I am saddened by making this decision, his job is on the line. Apparently the Court has no alternative but to enter a finding of Guilty.
App. at 34a.
Notwithstanding that the criminal information was based on the New Jersey criminal statute for theft, the arbitrator commented: “Moreover, the Union maintained that the conviction was for disorderly persons, not theft.” Id. at 171a. As a lawyer, the arbitrator should know that the New Jersey grading criteria for the theft of an amount under $200.00, imposing a sentence equal to that of disorderly persons does not change the legal conclusion of theft. See N.J.Stat.Ann. § 2C:20.2(b) (West 1982).
The majority state that they need not reach the issue of collateral estoppel, assuming arguendo that it would apply, because it would still be the decision of the arbitrator as to whether the “misdemeanor conviction constitutes just cause for dismissal under the terms of the collective bargaining agreement.” I fully agree that the arbitrator has the final say as to the legal conclusion of what constitutes just cause under the collective bargaining agreement. The arbitrator clearly addressed this issue stating that theft would constitute just cause: “Stealing from an employer ... is an offense which, if proven, clearly warrants summary discharge. It is conduct which should not nor cannot be condoned by the parties to the collective bargaining relationship. When it occurs, just cause exists for discharge.” App. at 173(a).
Notwithstanding this clearly proper legal conclusion, the arbitrator instead decided to *539rewrite the factual history of the case before him. Although Samuels was convicted beyond a reasonable doubt of stealing a crate of eggs from his employer, the arbitrator concluded: “[T]his arbitrator has not been convinced that [Samuels] did commit the act of theft on February 27, 1984.” Id.

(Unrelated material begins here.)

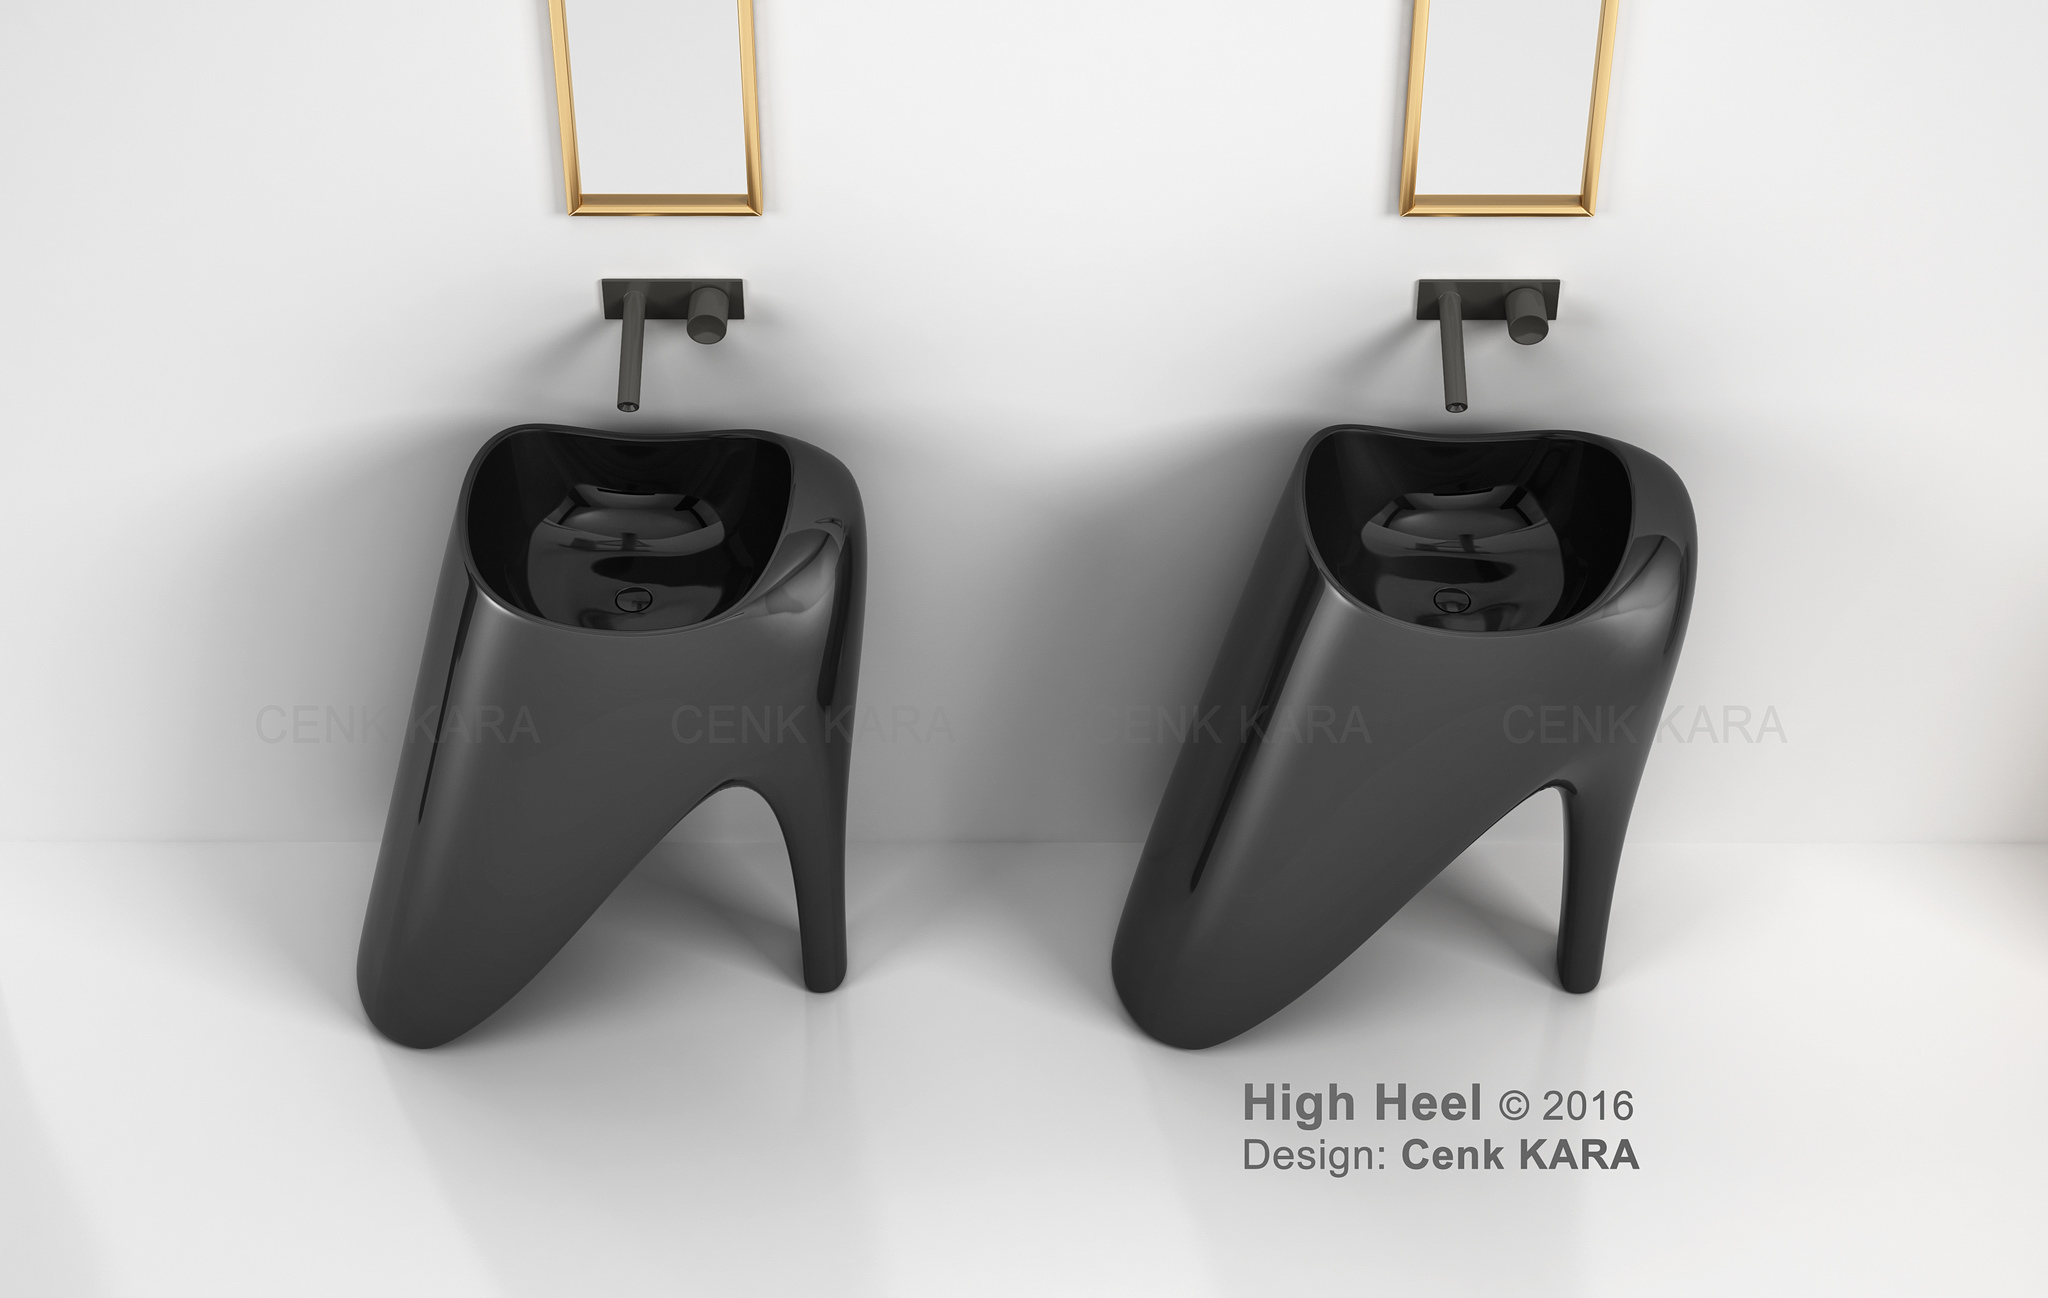 High Heel - freestanding washbasin concept

In my view, a more blatant disregard of the law by an arbitrator is very difficult to imagine. The arbitrator clearly stated that theft constitutes just cause for discharge. But with regard to the factual issue of theft itself, the arbitrator completely ignored a record showing that Samuels had already been convicted of that same theft. This is “manifest disregard” of the law of issue preclusion. This “violates a specific command of some law.” As such, his award should be vacated. Ludwig Honold Mfg. Co. v. Fletcher, 405 F.2d 1123, 1129 (3d Cir.1969).
. My precise language follows:
[T]his means that the interpretation of labor arbitrators must not be disturbed so long as they are not in “manifest disregard" of the law, and that "whether the arbitrators misconstrued a contract” does not open the award to judicial review.

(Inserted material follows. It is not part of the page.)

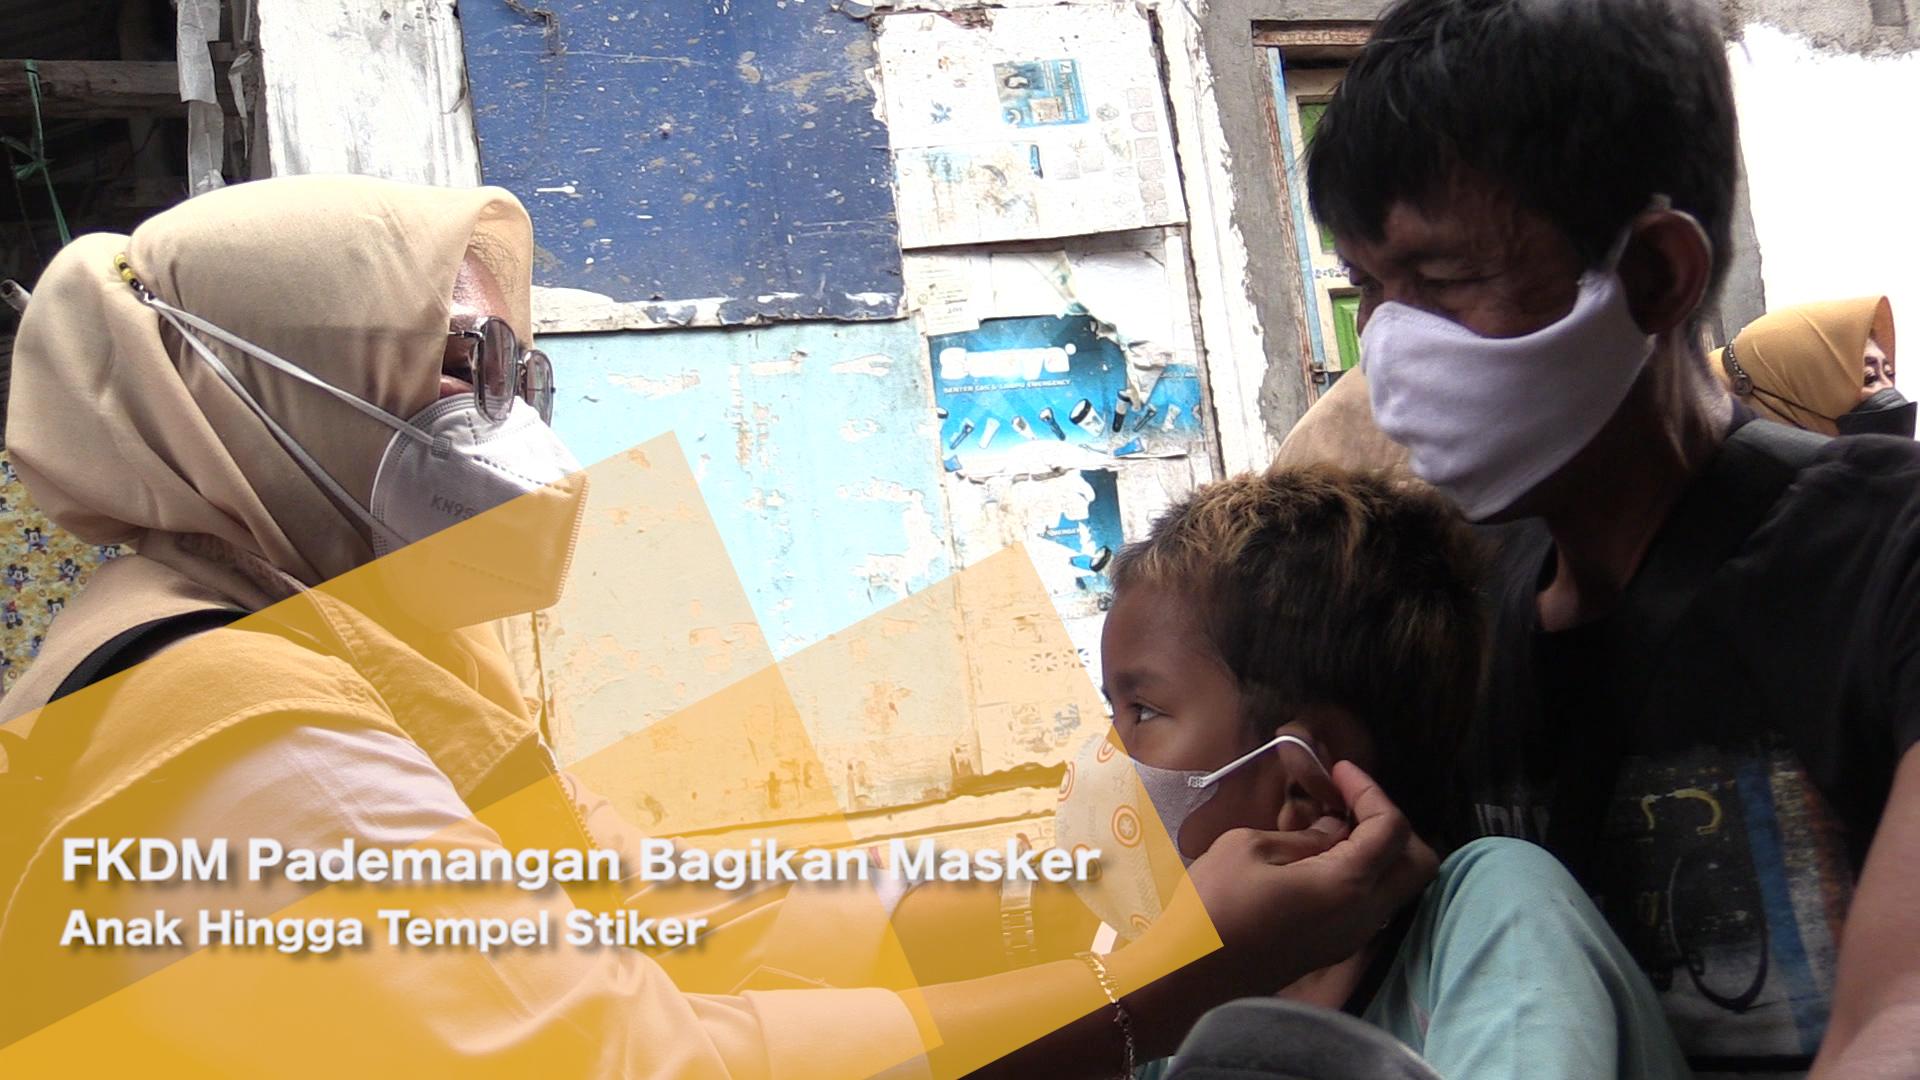 FKDM Pademangan Bagikan Masker Anak Hingga Tempel Stiker

Accordingly, we hold that a labor arbitrator’s award does "draw its essence from the collective bargaining agreement” if the interpretation can in any rational way be derived from the agreement, viewed in the light of its language, its context, and any other indicia of the parties’ intention; only where there is a manifest disregard of the agreement, totally unsupported by principles of contract construction and the law of the shop, may a reviewing court disturb the award.
405 F.2d at 1128 (footnotes omitted).